To Always Remember Their Sacrifice

Memorial Day, 2008

In America, today we honor the men and women who have given the ultimate sacrifice by fighting in battles all around this globe, to keep our citizens free. Sometimes we forget that ours is an all volunteer military. We have no draft. We train these brave ones to kill the enemy so you and I can know that our existence in the United States is a safe one.

Yet, it is important to not only remember those killed, but the first-hand and second-hand survivors who are grieving as a result of those deaths.

If you consider any one person’s passing will have upward of 300 people who loved and cherished them, it is a staggering number of people who remember them today.Just think of their family members, friends, neighbors, the military, classmates, teammates, business colleagues, people they knew from church, synagogue, social circles, clubs, etc. And what about their parents’ and siblings’ friends who knew them. They are also affected.

So there is much I want to say here…

First, I’d like to address the grief of the spouse, parents, siblings, grandparents, children, other family members, friends and loved ones of a man or woman killed in the line of duty. Your loved one gave the ultimate sacrifice and every American citizen owes you a sincere thank you for enduring the pain you feel now, for the good of our citizens’ safety.

Secondly, are the needs of military families. Their spouses have been raising children on their own, with little support both financially or personally, and doing a great job at it as well. They struggle to make ends meet and it is beyond me how our Congress cannot make it easier on these active duty families.

They are going into credit card debt, as many citizens, just to survive. But they shouldn’t have to. Banks are foreclosing on homes, ruining credit ratings because credit cards haven’t been paid in a timely fashion. When you expect to be deployed for one tour, which turns into two and three tours, it sort of turns your life upside down.

It’s hard to worry about paying a credit card bill when your main mission today is staying alive and keeping those around you alive, all while in a foreign land. Do the people at these banks get it? Obviously not.

My solution…their debts should become frozen once they are deployed, not to gain a cent of interest or penalty nor become due again until six months after they’re home.

Exactly when will some Congressman or woman step up to the plate and make this right… Senator McCain – how about you?

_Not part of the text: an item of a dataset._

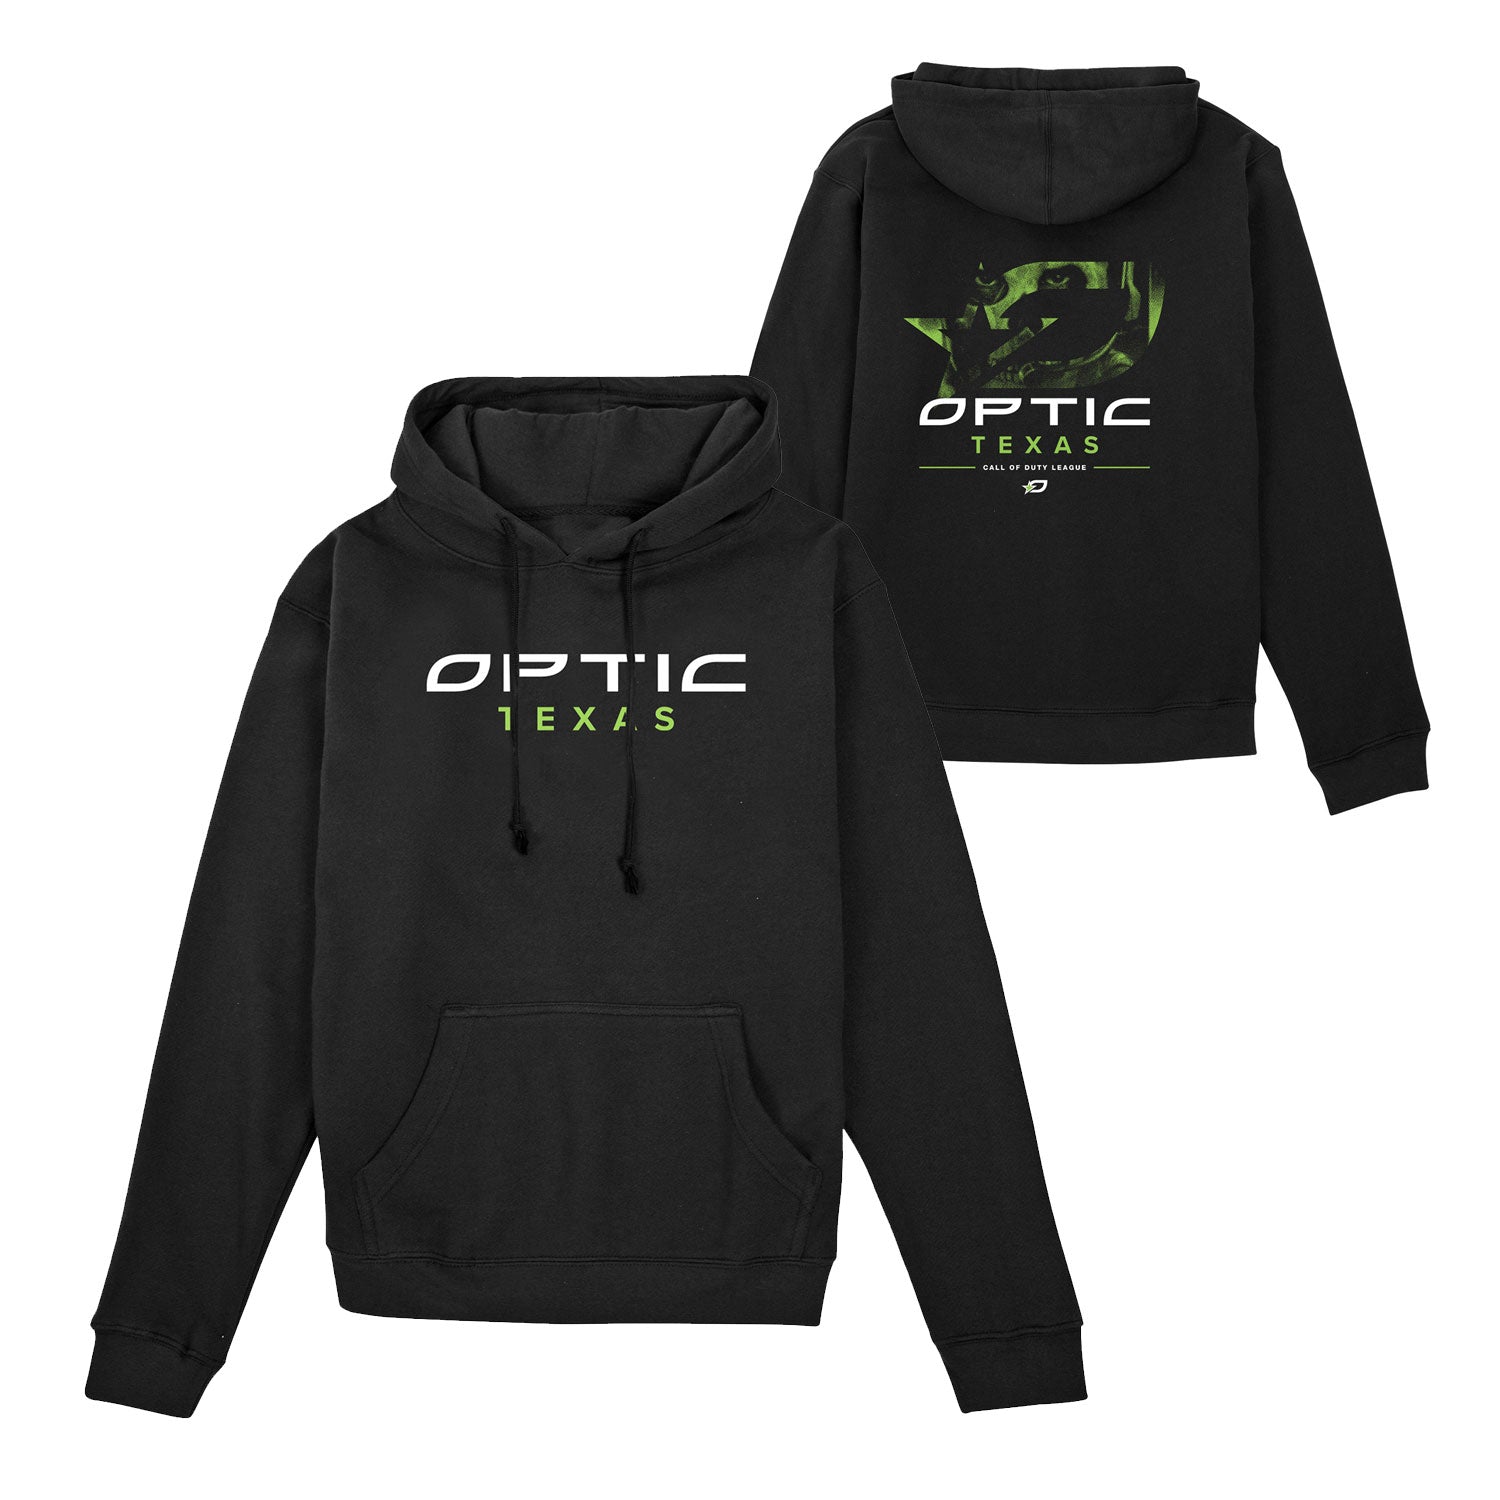 OpTic Texas Ghost Logo Black Hoodie - front and back views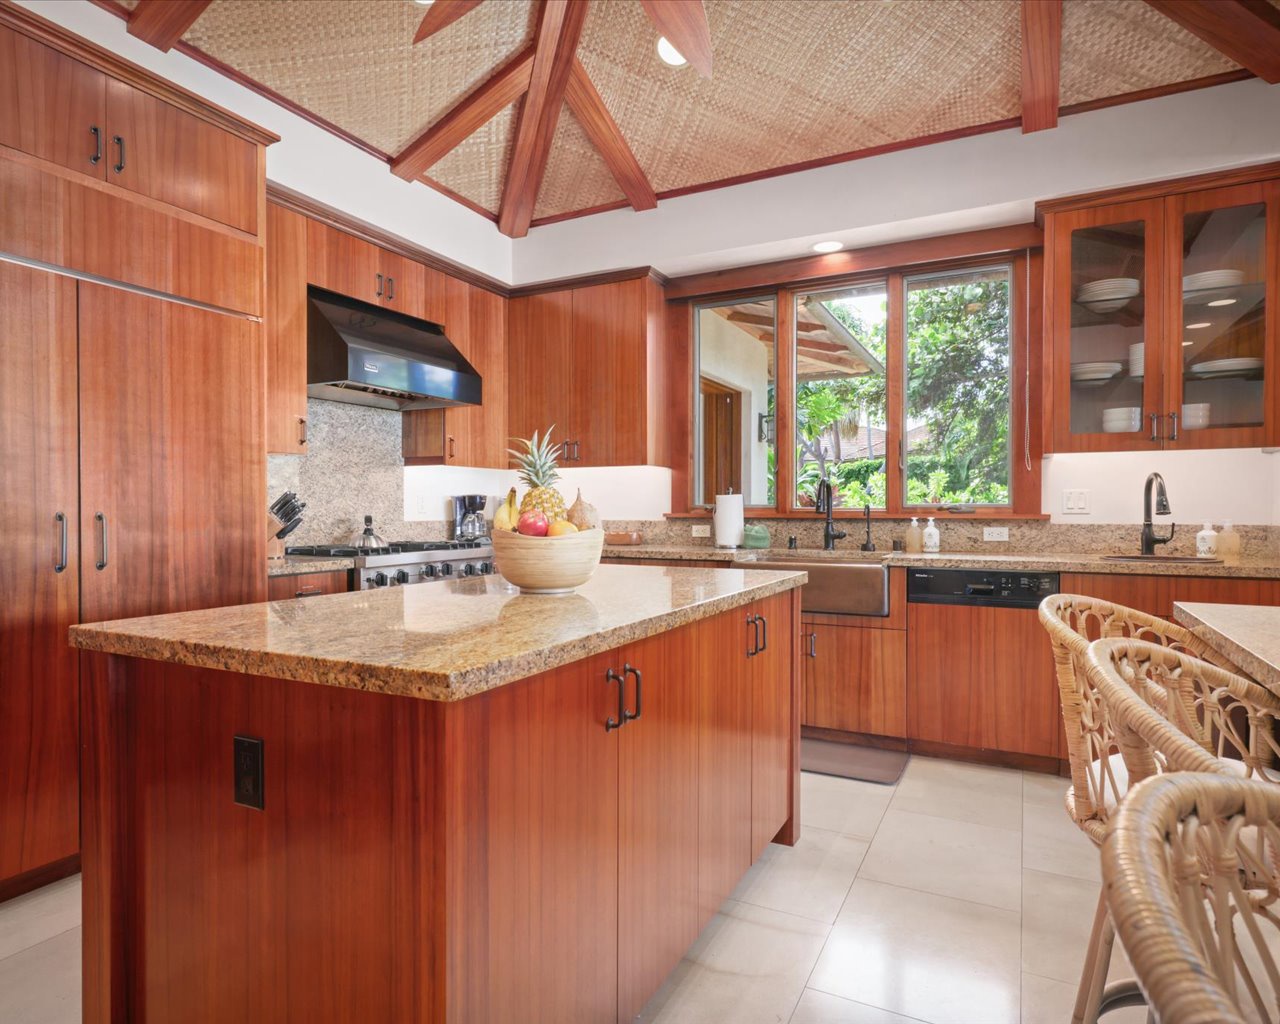 Kailua Kona Vacation Rentals, 3BD Pakui Street (131) Estate Home at Four Seasons Resort at Hualalai - The kitchen comprises of ample counter prep & cabinet space with a circular & open flow

And if this family experiences the death of their spouse in the line of duty, now they lose their homes, support systems, and more. They must leave the military bases and return to wherever they originally came. In the process they and their children lose their home, friends, classmates, neighbors, other military family’s support. They lose more than just their loved ones. Additionally, they lose income so it is now doubly hard for the surviving spouse to readjust to raising a family alone.

Next…the first hand survivors are also military; those who knew the soldier directly.

Prolonged deployments overseas only delay the grieving process. Wisdom says we must help these brave men and women achieve mental stability all along the way.

Yes, it is only natural that we repair their physical bodies, but we must treat their mental symptoms as well. Seeing multiple deaths during repeated tours overseas is something that stays with you. It is not easily released.

And when someone returns to the home they once knew, they are changed. And they need time to acclimate themselves to their old lives. One thing is certain – they are different now. They have seen too much and are not the same. How could they be?

This weekend I wish us to remember how difficult it must be to trade in a machine gun, grenade, and HumVee, back to a laptop, blackberry and IPOD. I can’t even imagine how that’s done.

And, lastly, second-hand survivors are the family members of these surviving military buddies who will come home, grieving their fellow soldiers’ deaths in combat, and their immediate family members here in the US are scrambling how best to help them through this grief, not to mention their need to acclimate themselves into society back here once again.

So I find it unconscionable that our elected officials do not make it a higher priority to have premier bereavement services available to the surviving families of the military personnel who have been killed and to every active duty soldier overseas and later, upon their return home, to serve them and their families as well.

Military death touches so many lives and we rarely acknowledge all the people affected. Let’s begin to better understand the domino effect of grief caused by war…and let’s effectively deal with it from the onset.